The causes of the crisis are well known by the industry, and they have accurately diagnosed it in many published articles, interventions, communication websites and even policy documents, showing a strong correlation coefficient (amounting to causality) between the general decline in performance in the indicators of financial markets, insurance and real estate financing, on the one hand, and the administrative inertia in the leaders of the system on the other.
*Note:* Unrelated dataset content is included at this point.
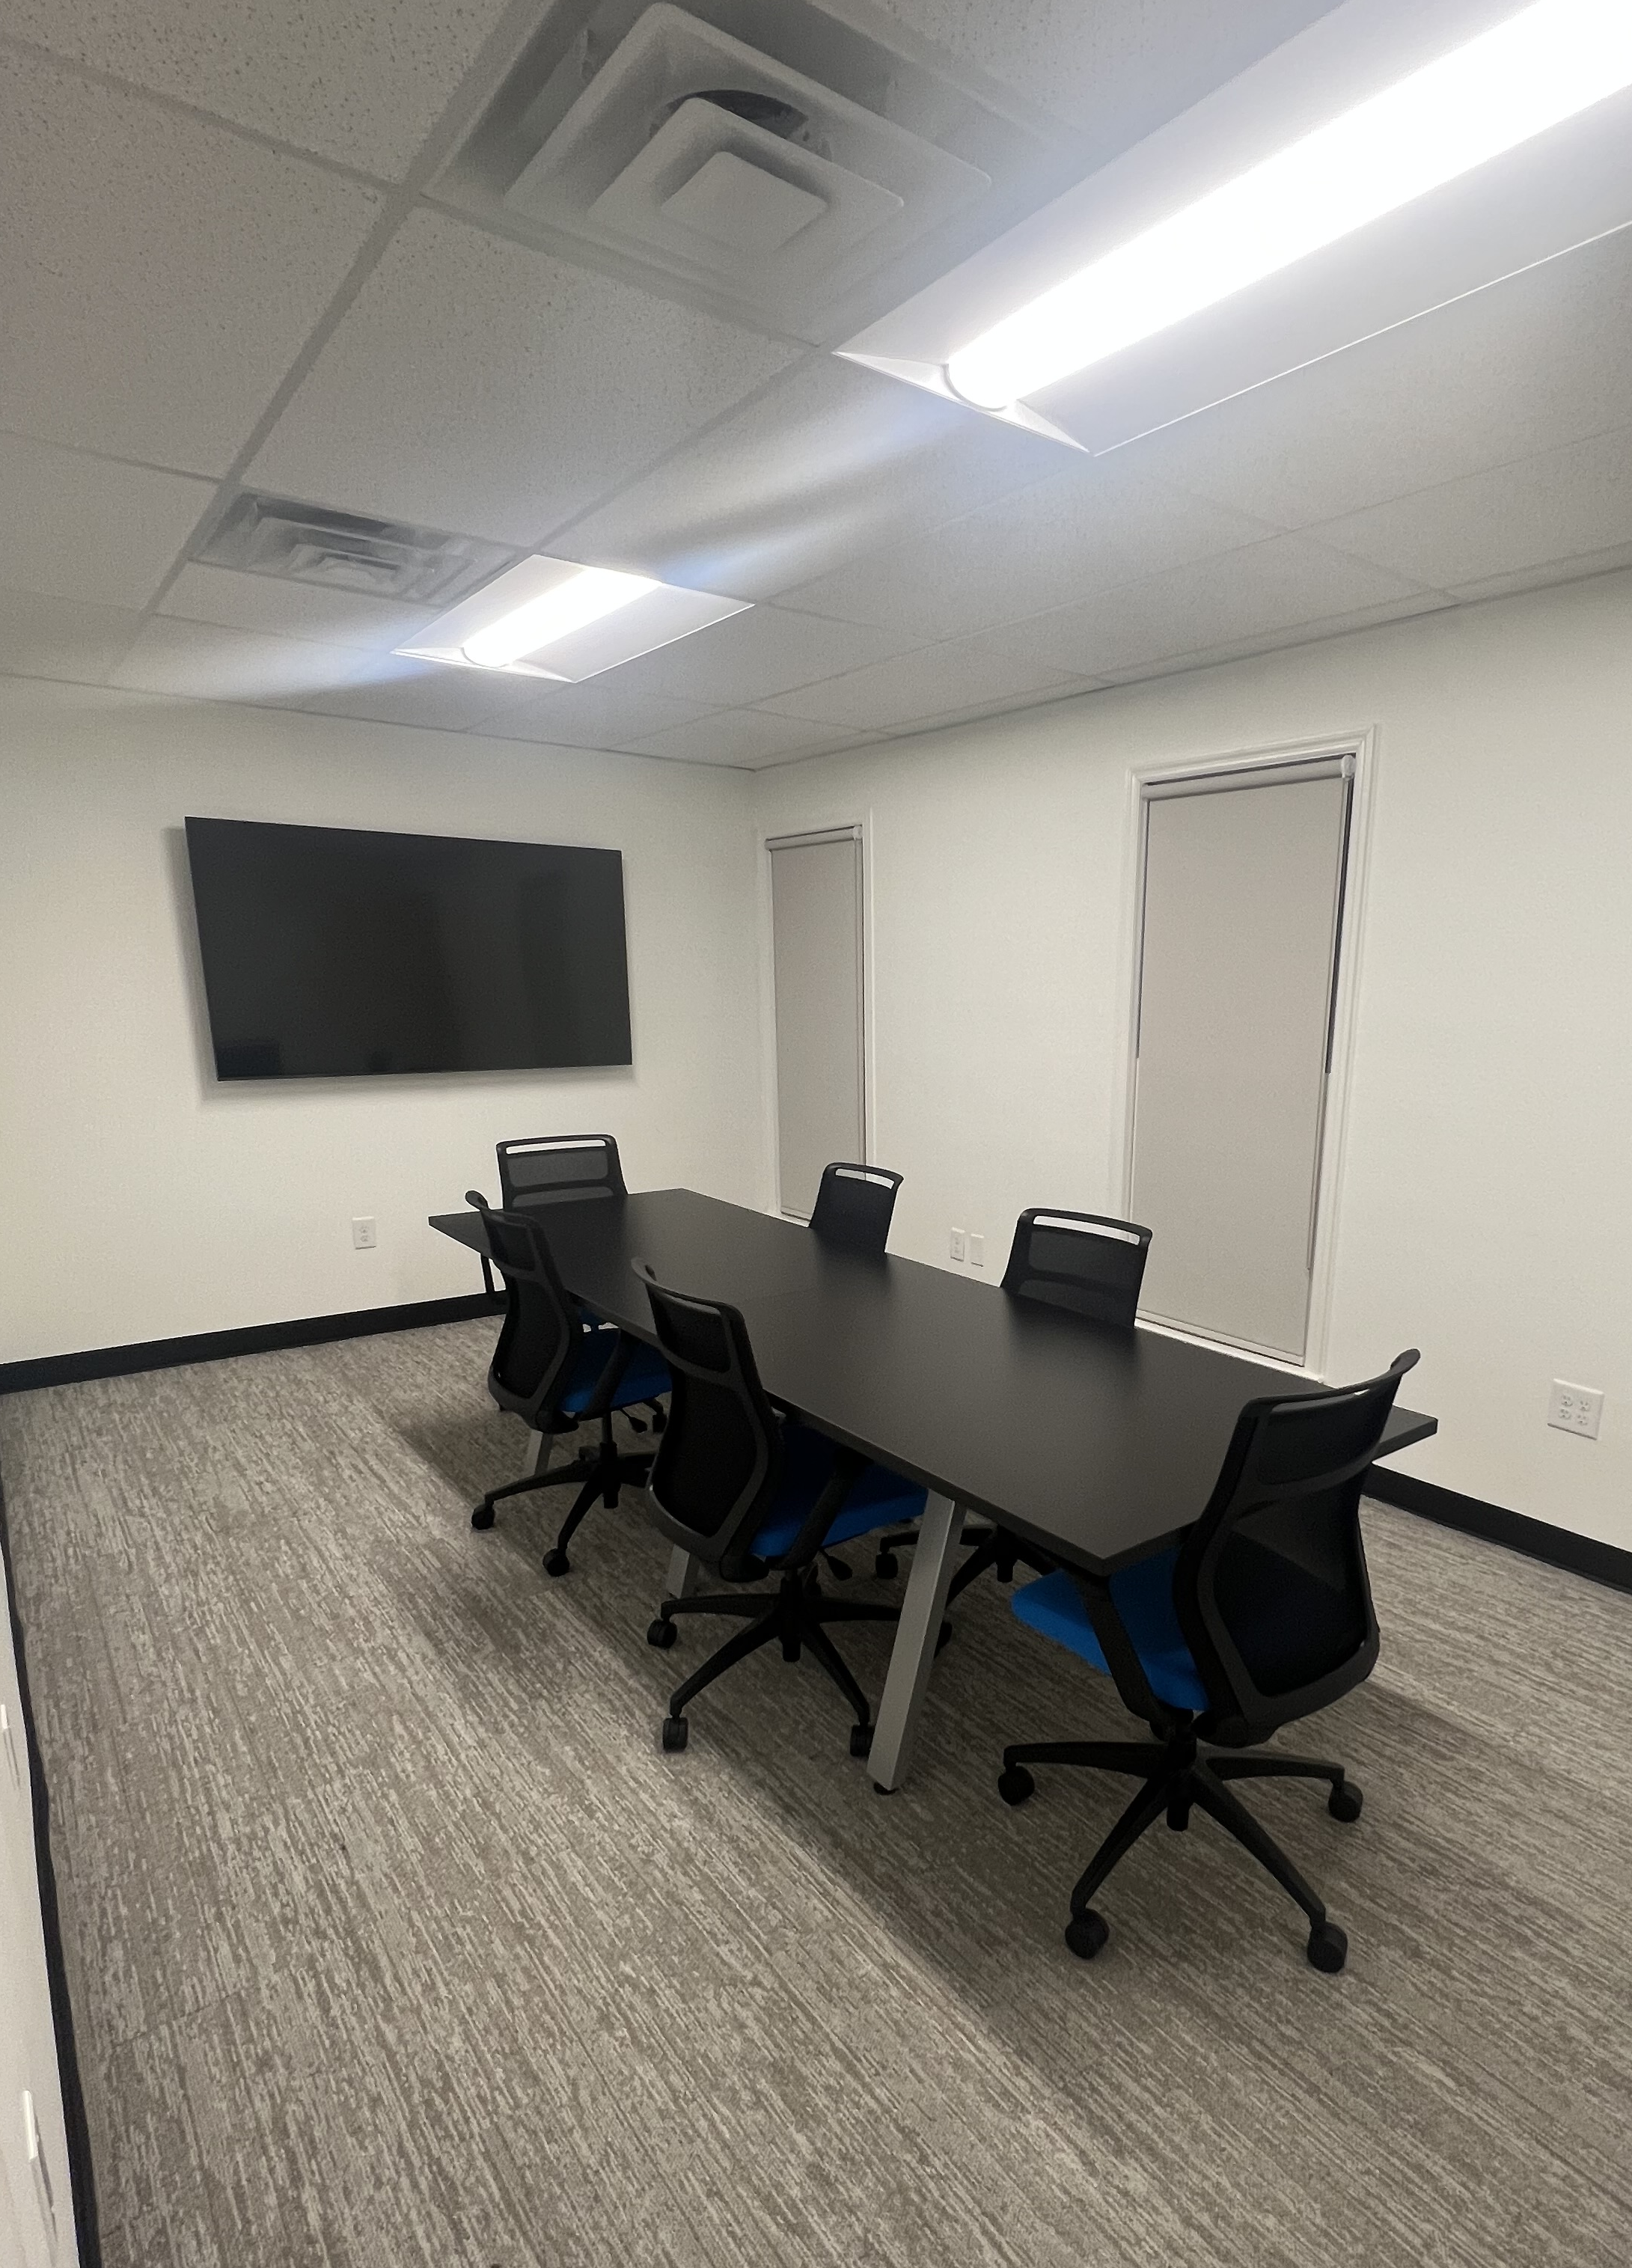 Conference room with a long table with six office chairs and a TV on the wall

One of the lessons learned from the Hong Kong study is the importance of the impact of information to correct the markets, and the immediate large returns that can be achieved by restoring confidence in the markets but restoring confidence has different instruments from one market to another In its administrative and supervisory arteries.
And if the presidential call was launched a few days ago, specifically during Egyptian family breakfast activities, to demand the government (and not the leaders of the system) of the need to prepare a vision for the development and promotion of the Egyptian Stock Exchange, then that vision must be prepared in isolation from the influences and noise associated with purchases of public money in the shares of stock exchange companies, Because our stock market crisis is not temporary or temporary, and it is not a victim of ‘ a global shock. The shocks could rather help expose it more, especially since it has separated from a mirror of the national economy (and rather of the global economy) after the market capitalization ratio of its restricted shares fell to below 10% of GDP.
The presidential invitation aims to attract direct and indirect private investment, and to expand local and foreign private sector ownership in assets as expected.